Pendant qu’il est occupé à
fabriquer son outil, il ne peut pas cueillir de pommes. Afin d’obtenir son
outil, il doit donc disposer de suffisamment de pommes pour pouvoir survivre
pendant qu’il se charge de sa fabrication. Son épargne représente ce qui lui
permettra de survivre sur la période.
Le nombre de pommes épargnées
déterminera donc si un outil de production plus sophistiqué peut être
introduit. S’il faut une année de travail pour développer cet outil mais que
notre homme n’a épargné que suffisamment de pommes pour se permettre de
survivre pendant un mois, l’outil ne peut être fabriqué – et l’homme ne peut
pas améliorer sa productivité.
Ce scénario peut être
compliqué par l’arrivée d’autres individus qui échangent les uns avec les
autres et ont recours à la monnaie. Mais dans l’essence, le problème reste le
même : l’épargne disponible limite le développement de mécanismes de
production plus efficaces.
Quand les banques créent une
hausse de capital illusoire
Des problèmes commencent à
surgir lorsque les banques centrales font paraître l’épargne disponible comme
étant plus importante qu’elle ne l’est réellement. Lorsqu’une banque centrale
élargit ses réserves monétaires, elle n’élargit pas l’étendue des
financements disponibles. Elle fait grimper la consommation, qui n’est pas
précédée par la production. Elle réduit les moyens de subsistance.
Tant que l’ensemble des
financements disponibles s’élargit, des politiques monétaires laxistes nous
donnent l’illusion que l’activité économique est en expansion.
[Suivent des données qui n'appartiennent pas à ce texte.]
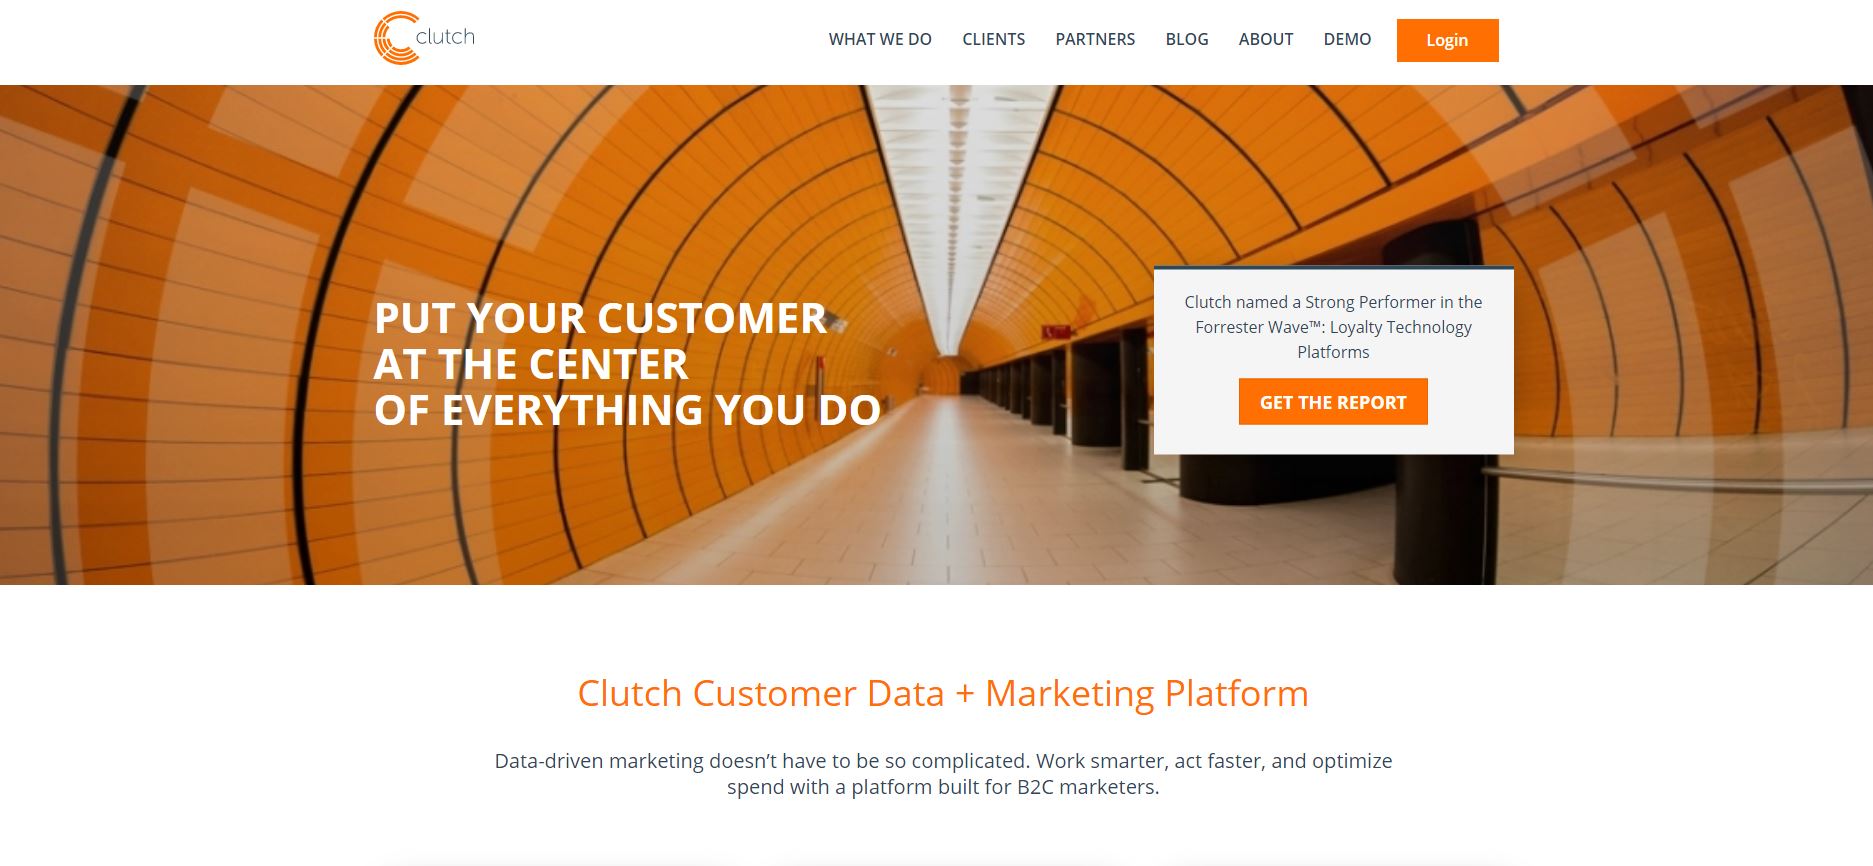 Clutch homepage
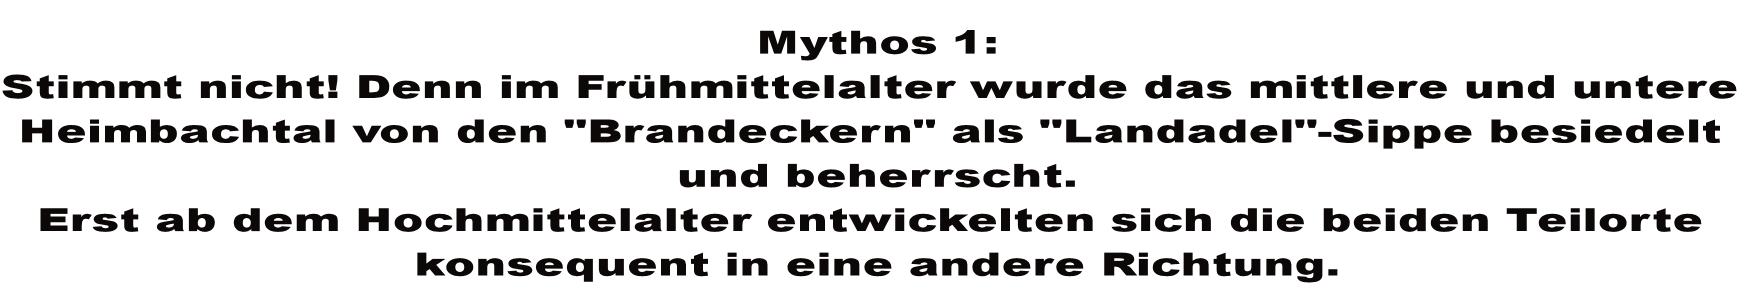 Mythos11

Et aussitôt
que les financements disponibles commencent à stagner ou à diminuer, nous
réalisons qu’elle ne l’est aucunement. Une fois que cela se produit,
l’économie commence à décliner. Des politiques monétaires plus agressives ne
peuvent rien y faire (parce que la monnaie ne peut pas remplacer les pommes).
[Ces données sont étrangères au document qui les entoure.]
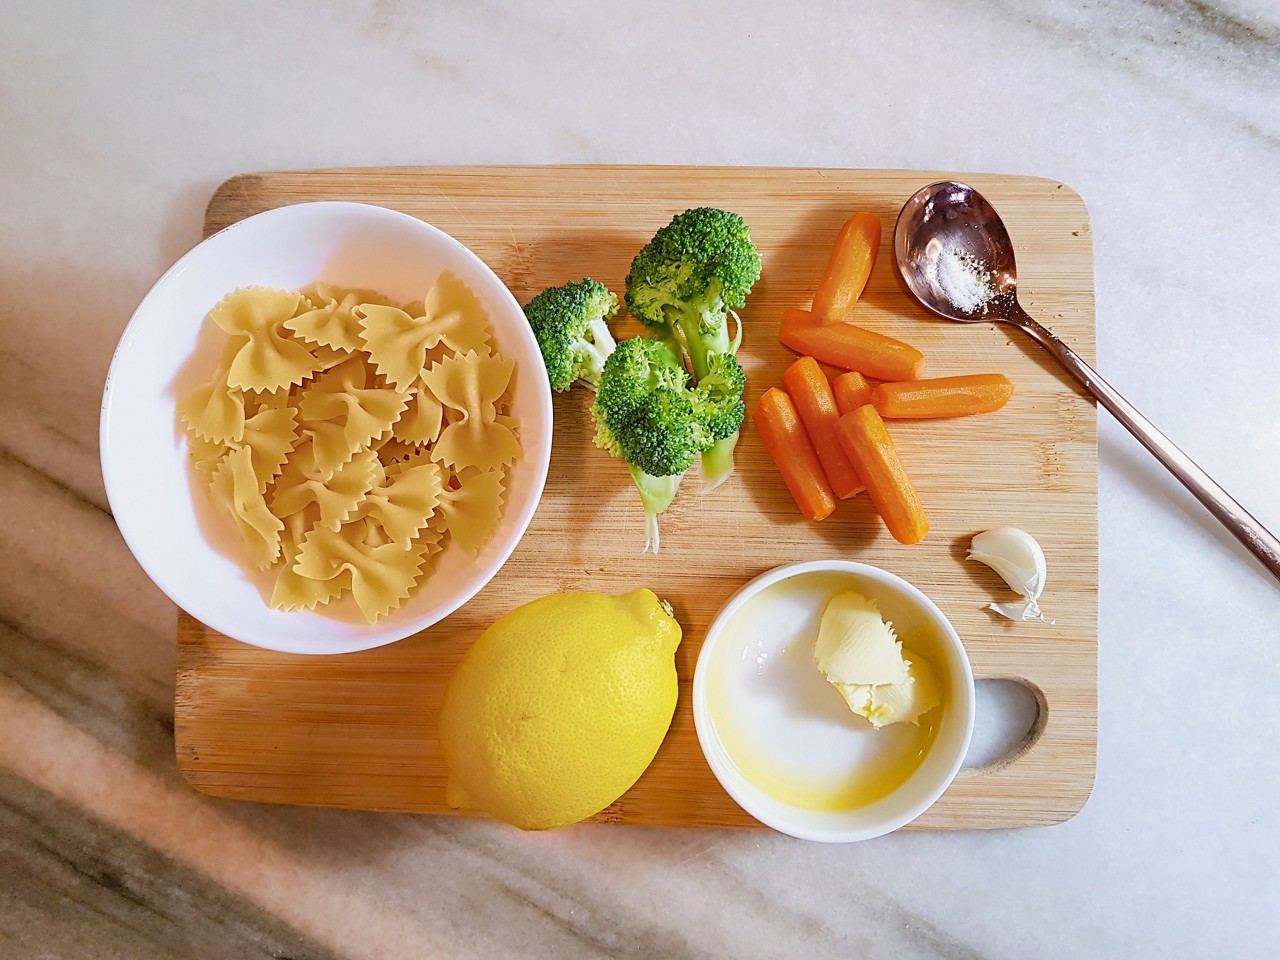 Broccoli carrot pasta ingredients

L’introduction de la monnaie
et du prêt à notre analyse ne change rien au fait que les moyens de
subsistance disponibles représentent le cœur du problème. Lorsqu’un individu
prête de la monnaie, ce qu’il prête à ses emprunteurs est une partie des
biens qu’il n’a pas consommés (la monnaie représente un droit sur des biens
réels). Le crédit signifie donc que des biens non-consommés sont prêtés par
un individu productif à un autre, afin d’être remboursés par une production
future.
L’existence des banques
centrales et du système bancaire de réserve fractionnaire permet aux banques
commerciales de générer du crédit qui n’est pas garanti par l’épargne (du
crédit créé à partir de rien).
Une fois que ce crédit est
généré, il crée des activités que le marché libre n’aurait jamais acceptées.
C’est-à-dire que ces activités consomment mais ne produisent aucun capital
réel. Tant que les financements disponibles sont en expansion et que les banques
cherchent à élargir le crédit, les activités inutiles continuent de
prospérer.
Lorsque la création de crédit
à partir de rien pousse la consommation de capital réel au-delà de la
production de capital réel, les financements disponibles diminuent.
En conséquence, les
performances de nombreuses activités commencent à se détériorer, et les prêts
toxiques se multiplient. Ce qui pousse les banques à réduire leurs prêts, ce
qui fait décliner les réserves monétaires.
Les réserves monétaires se
trouvent-elles réduites suite à chaque réduction du nombre de prêts par les
banques ?
Imaginons que Tom dépose 1.000
dollars sur un compte épargne ouvert auprès d’une banque X pour une durée de
trois mois. La banque prête ces 1.000 dollars à Mark pendant trois mois. Une
fois ce prêt arrivé à maturité, Mark rembourse les 1.000 dollars à la banque
et lui verse des intérêts. La banque X réduit ses frais de la somme obtenue,
et rend à Tom ses 1.000 dollars et ses intérêts.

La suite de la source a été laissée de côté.